- **Exercise instructions**
Reproduce the full listing below exactly. Do not include the pictures.

- **Data section**
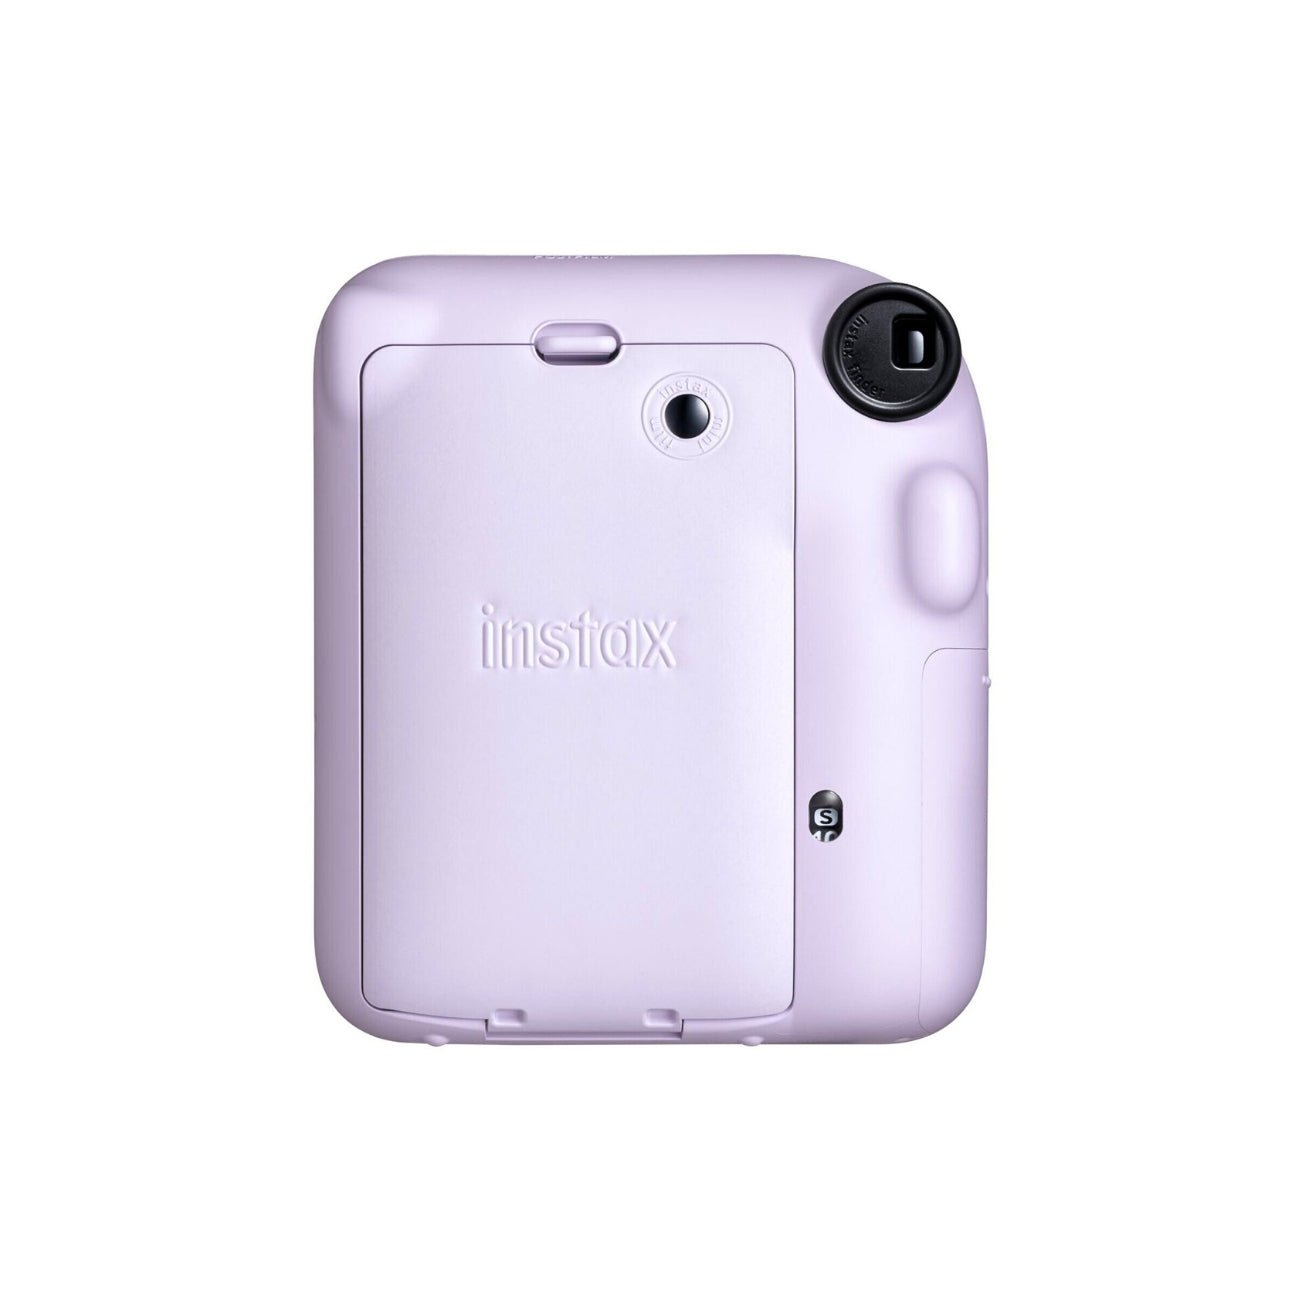 Fujifilm INSTAX Mini 12 Instant Film Camera (Lilac Purple)
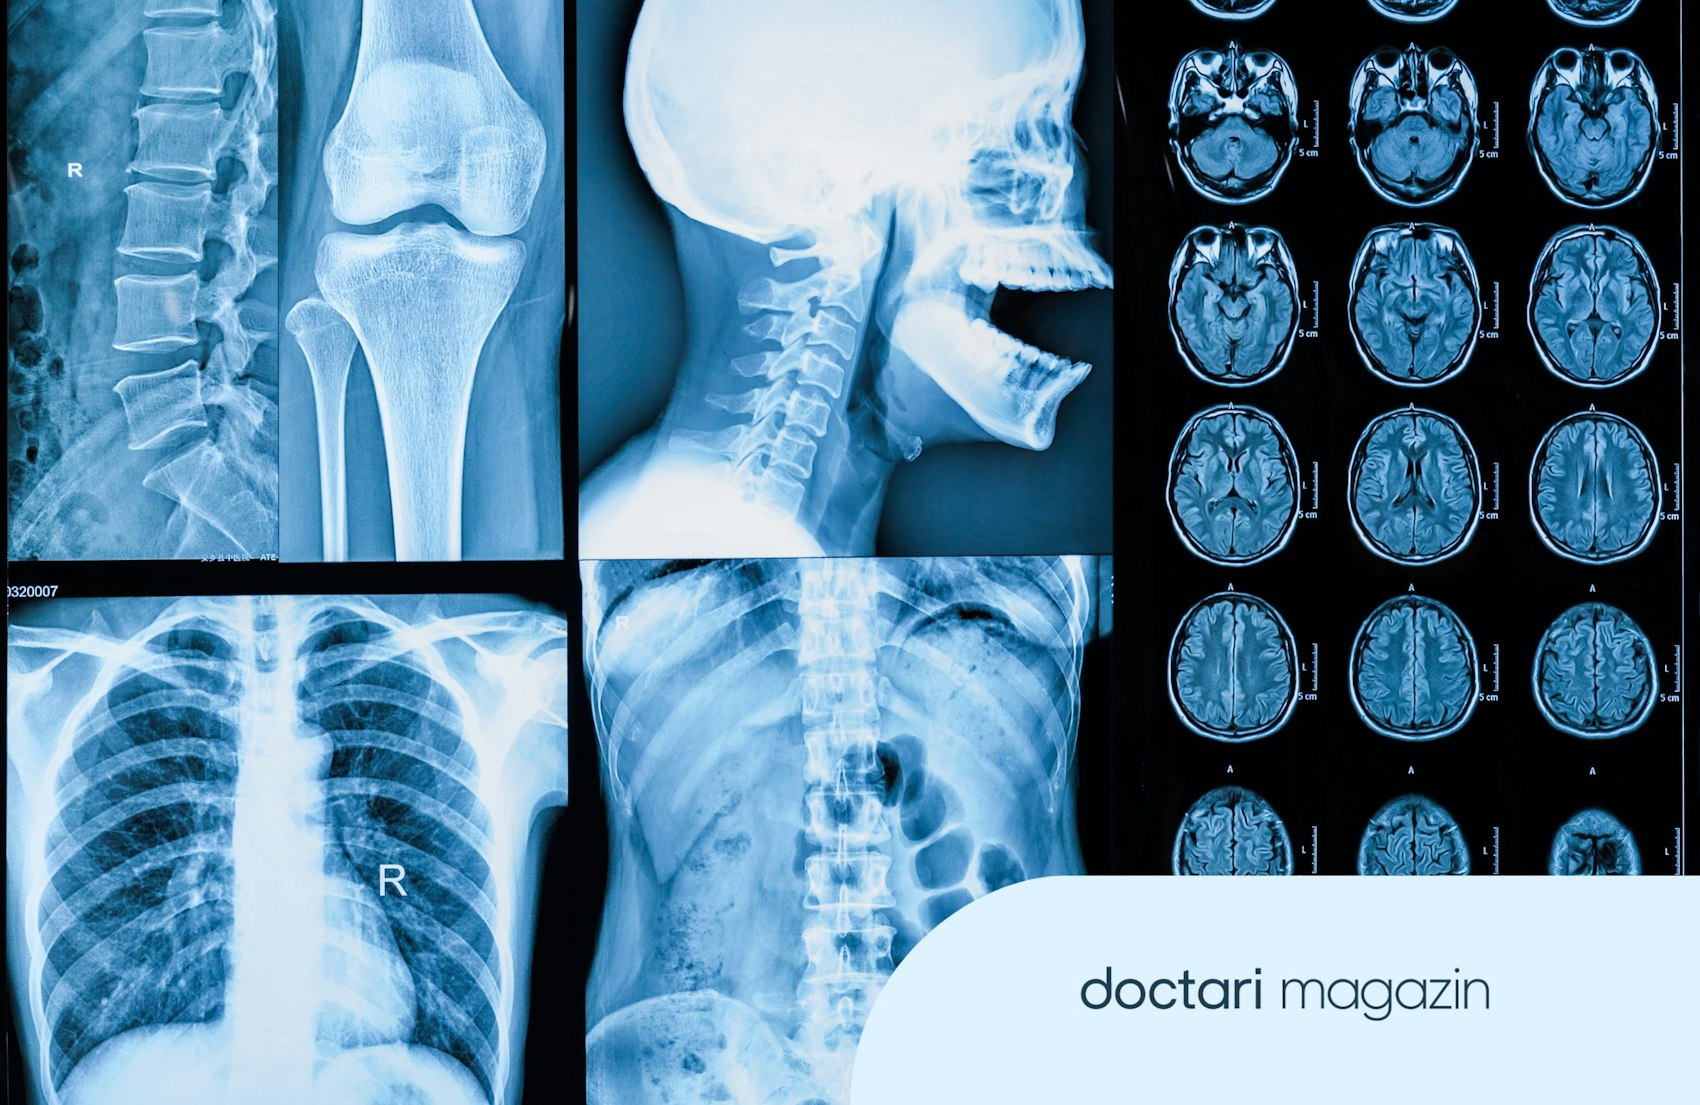 Sammlung von Röntgen- und MRT-Bildern
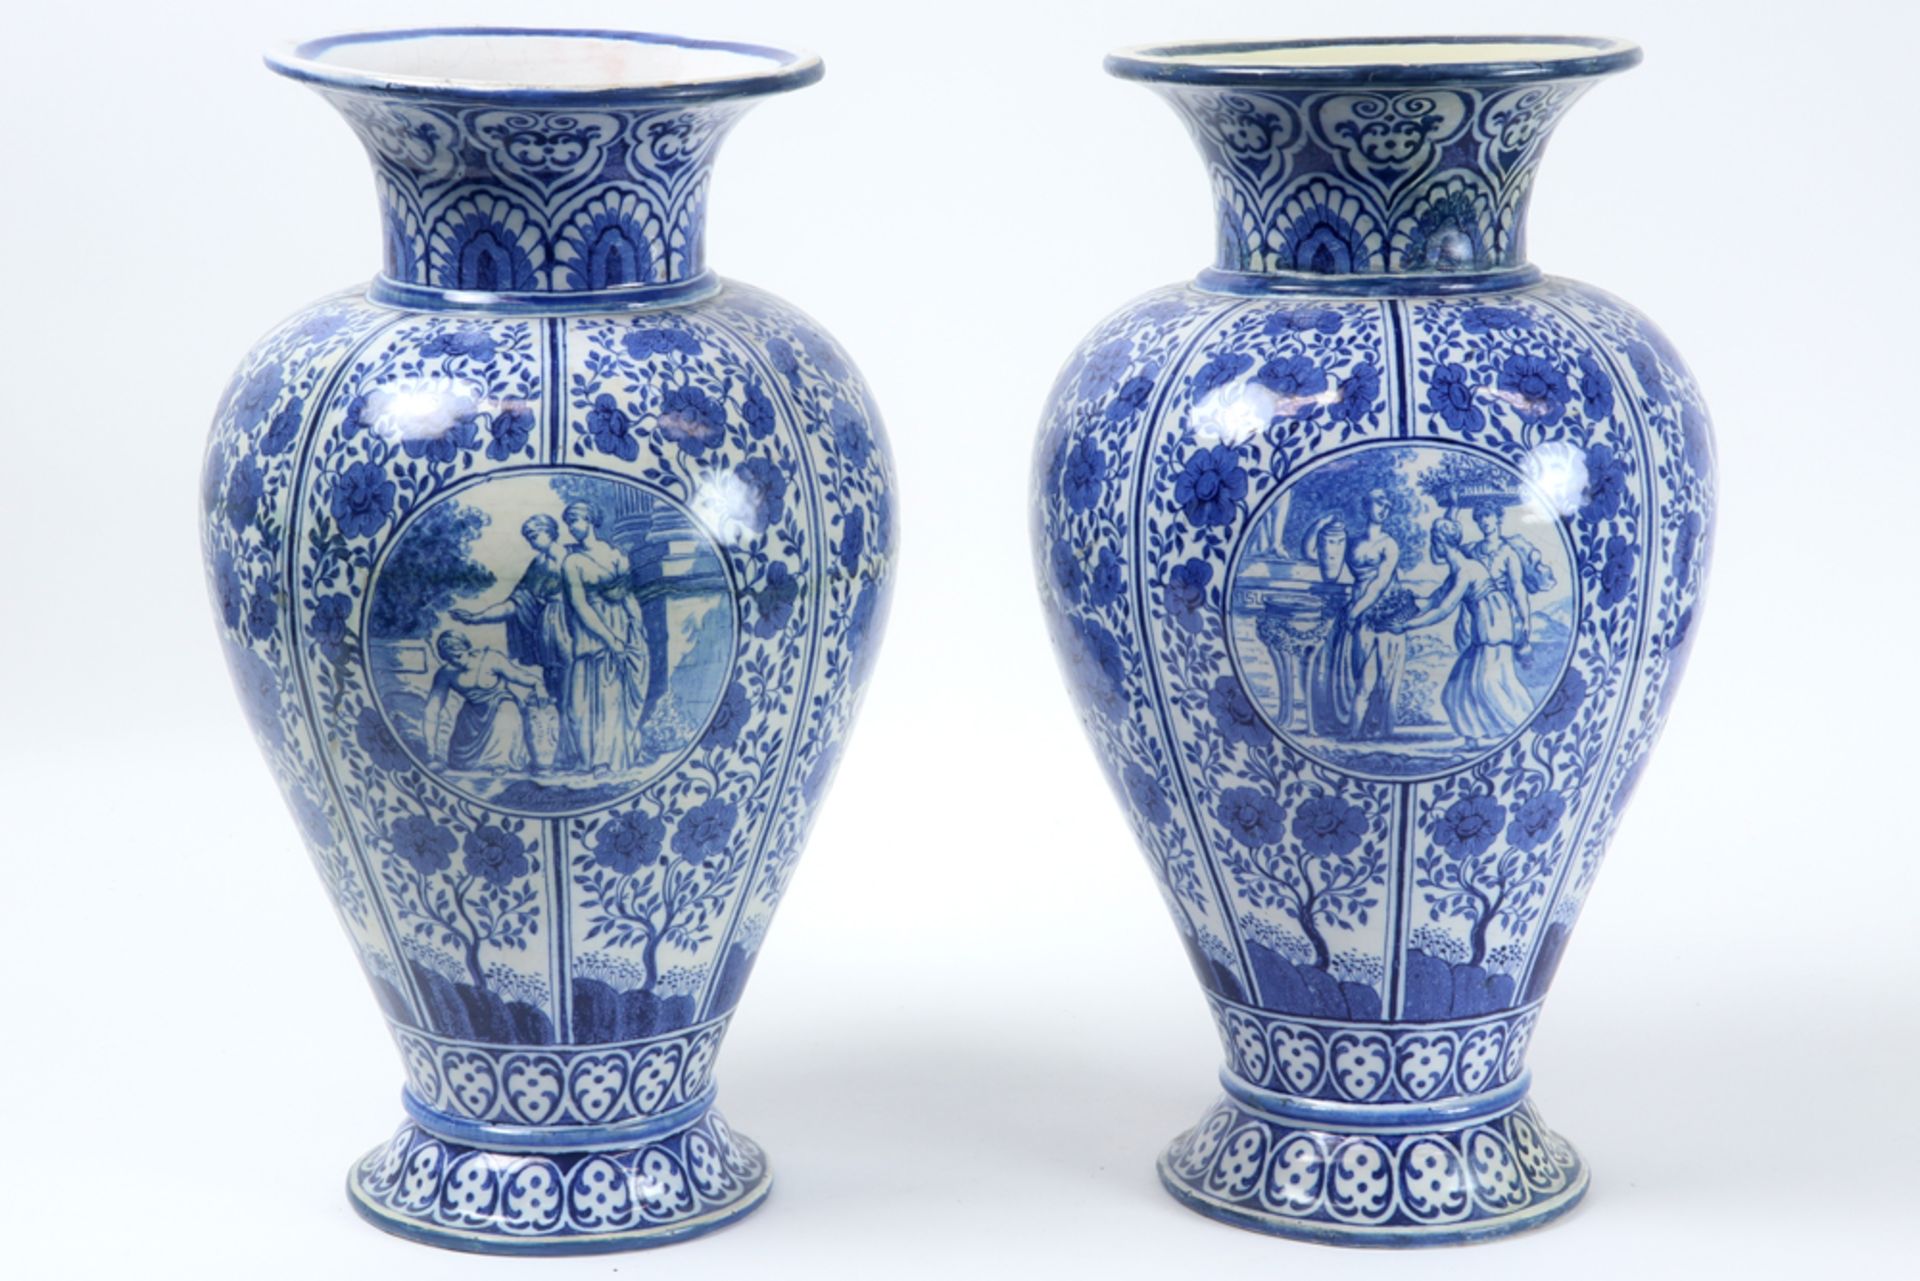 pair of antique vases in ceramic with a blue-white decor - signed C.L. Waegeneer || C.L WAEGENEER
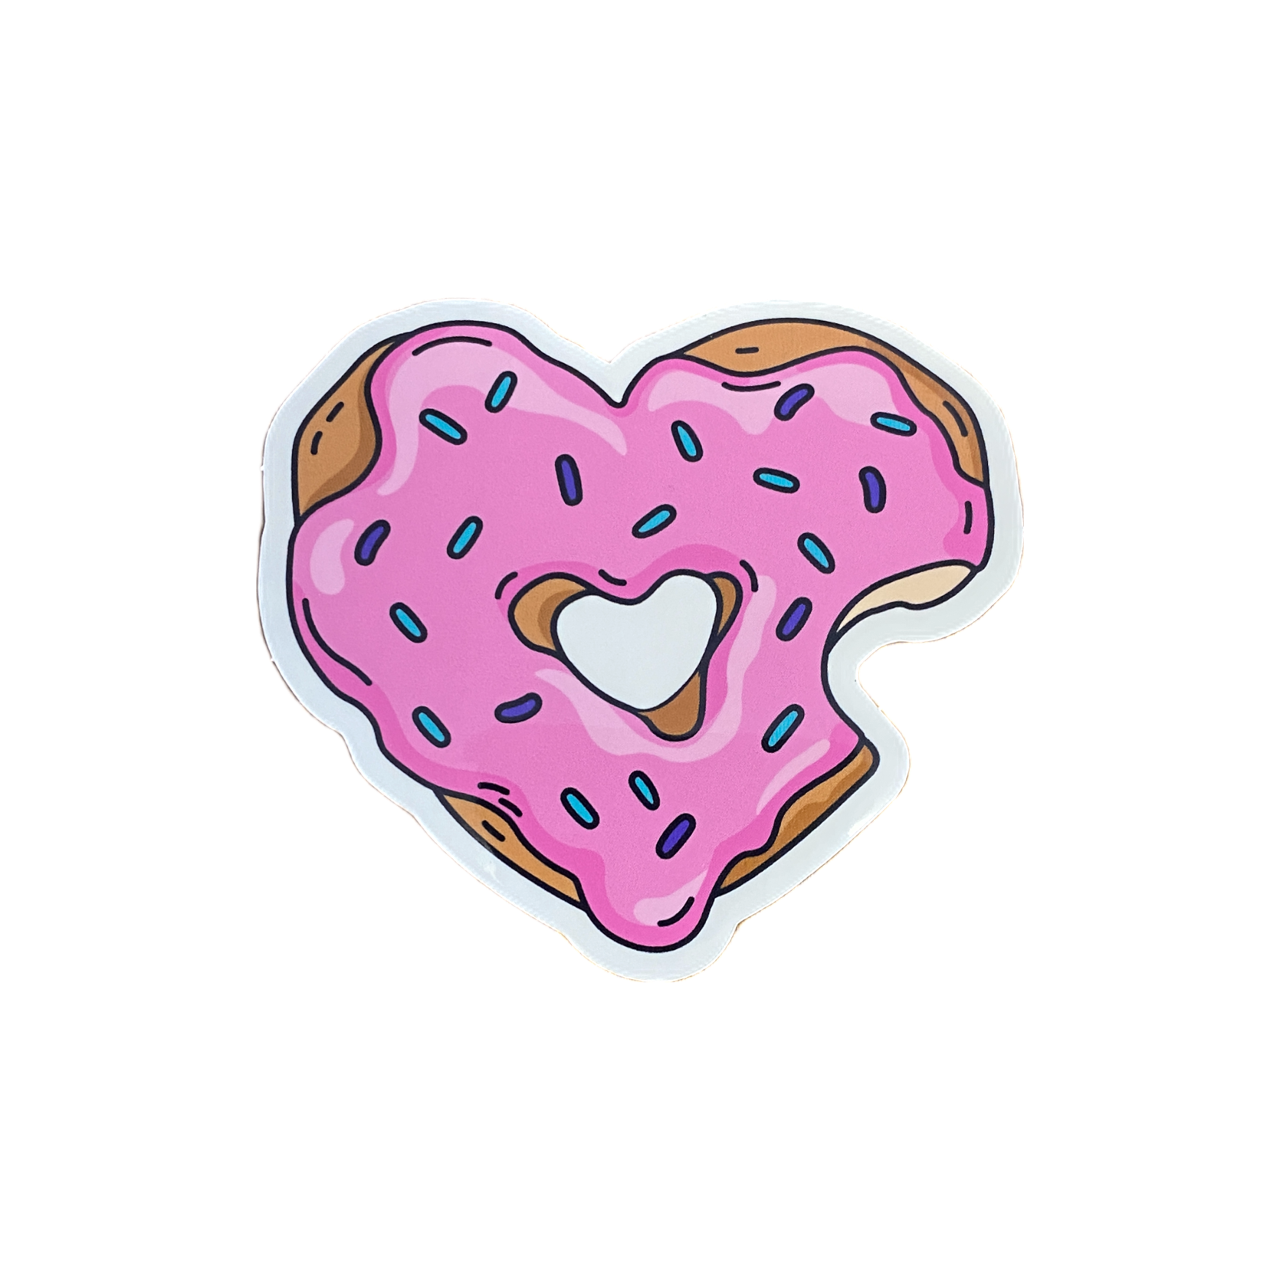 Die Cut heart shaped Donut Sticker

- **Task result**
 Fujifilm INSTAX Mini 12 Instant Film Camera (Lilac Purple)
 Sammlung von Röntgen- und MRT-Bildern
 pair of antique vases in ceramic with a blue-white decor - signed C.L. Waegeneer || C.L WAEGENEER
 Die Cut heart shaped Donut Sticker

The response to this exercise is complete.